▶ **Supplied data**:
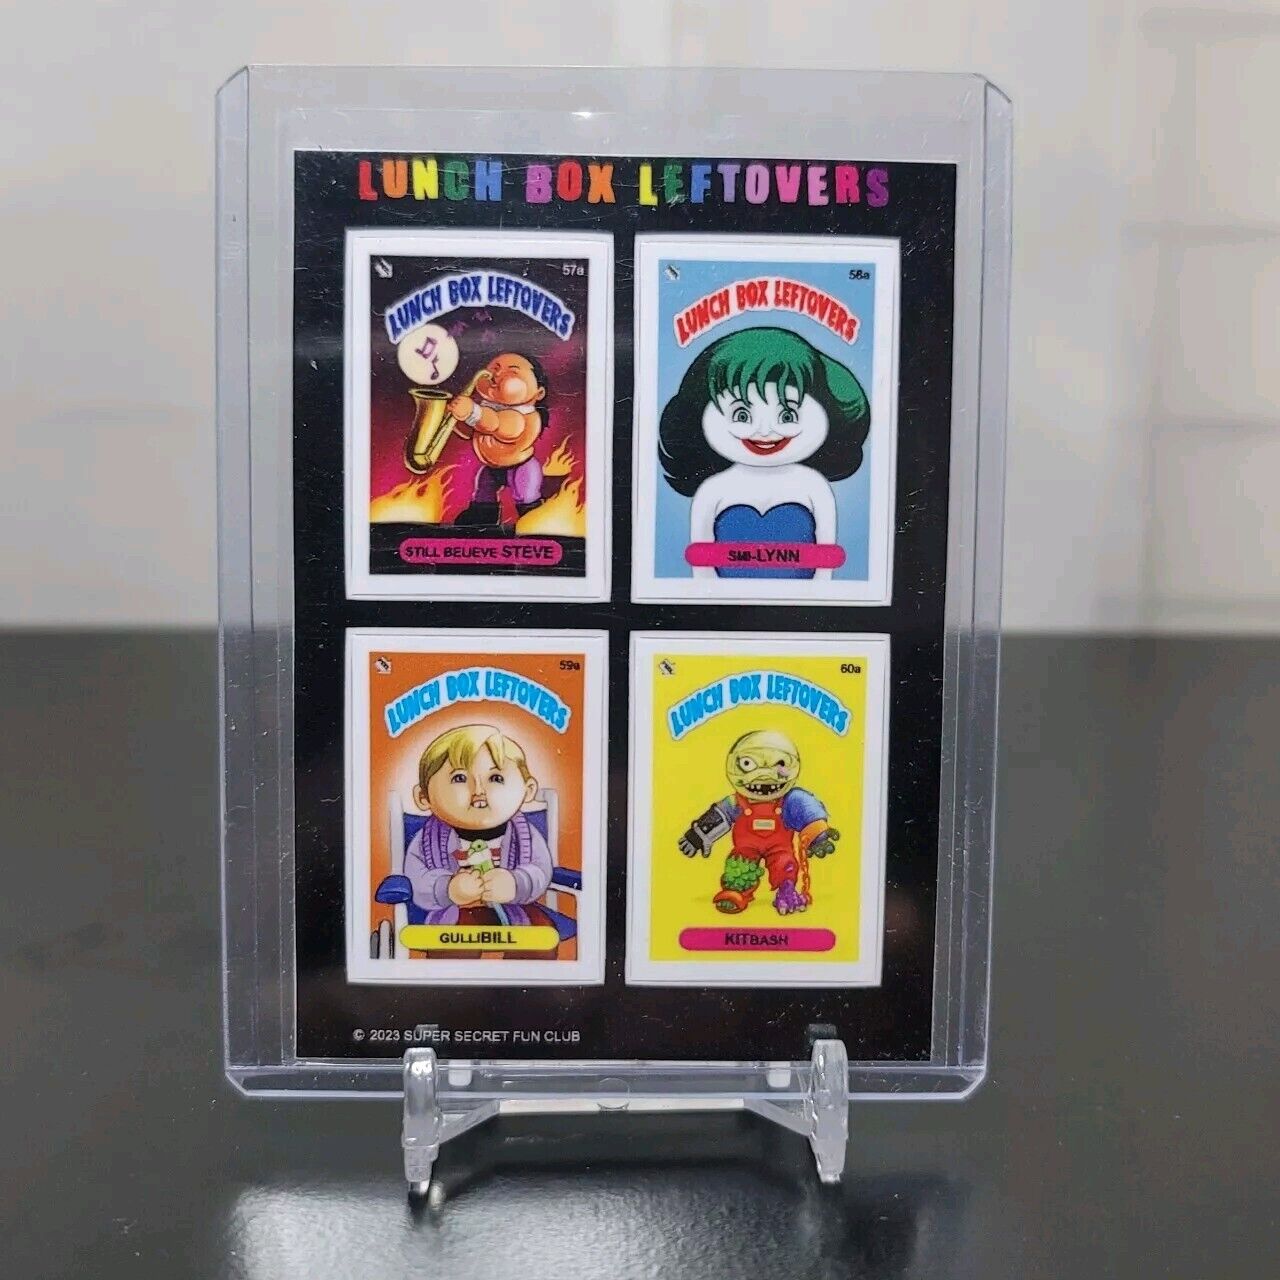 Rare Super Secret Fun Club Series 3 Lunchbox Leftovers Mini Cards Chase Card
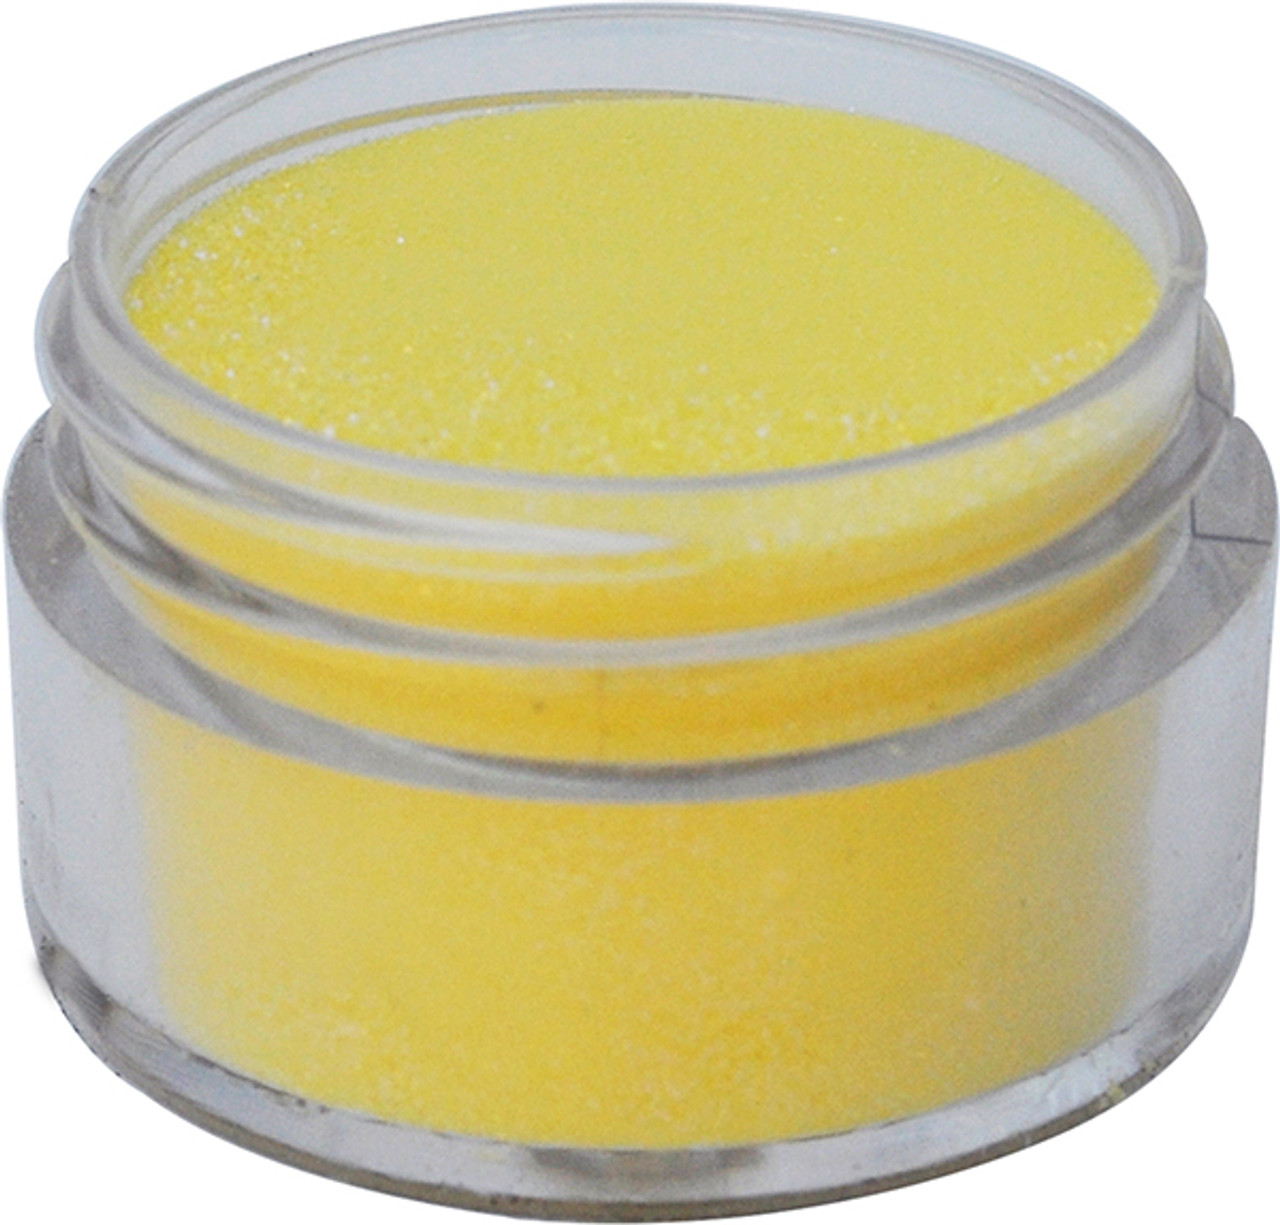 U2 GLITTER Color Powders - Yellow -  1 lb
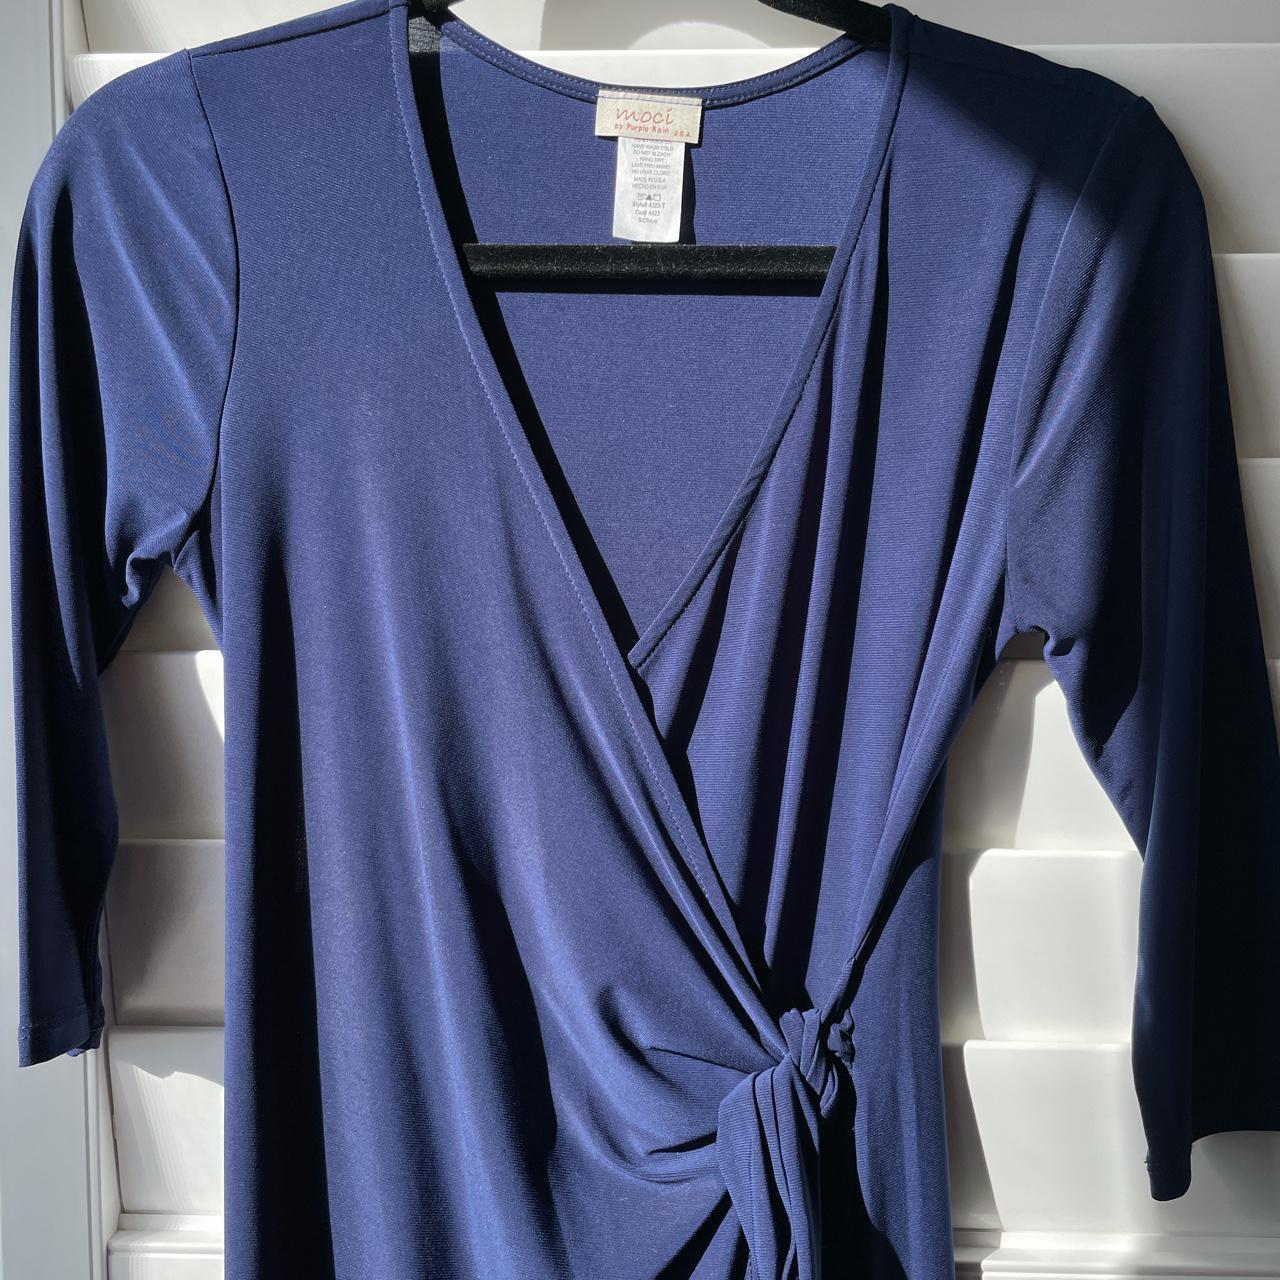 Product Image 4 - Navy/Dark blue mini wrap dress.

▶ **Task item**:
With the pictures removed, return the data above word for word.

▶ **Result for this exercise**:
 Rare Super Secret Fun Club Series 3 Lunchbox Leftovers Mini Cards Chase Card
 U2 GLITTER Color Powders - Yellow -  1 lb
 Product Image 4 - Navy/Dark blue mini wrap dress.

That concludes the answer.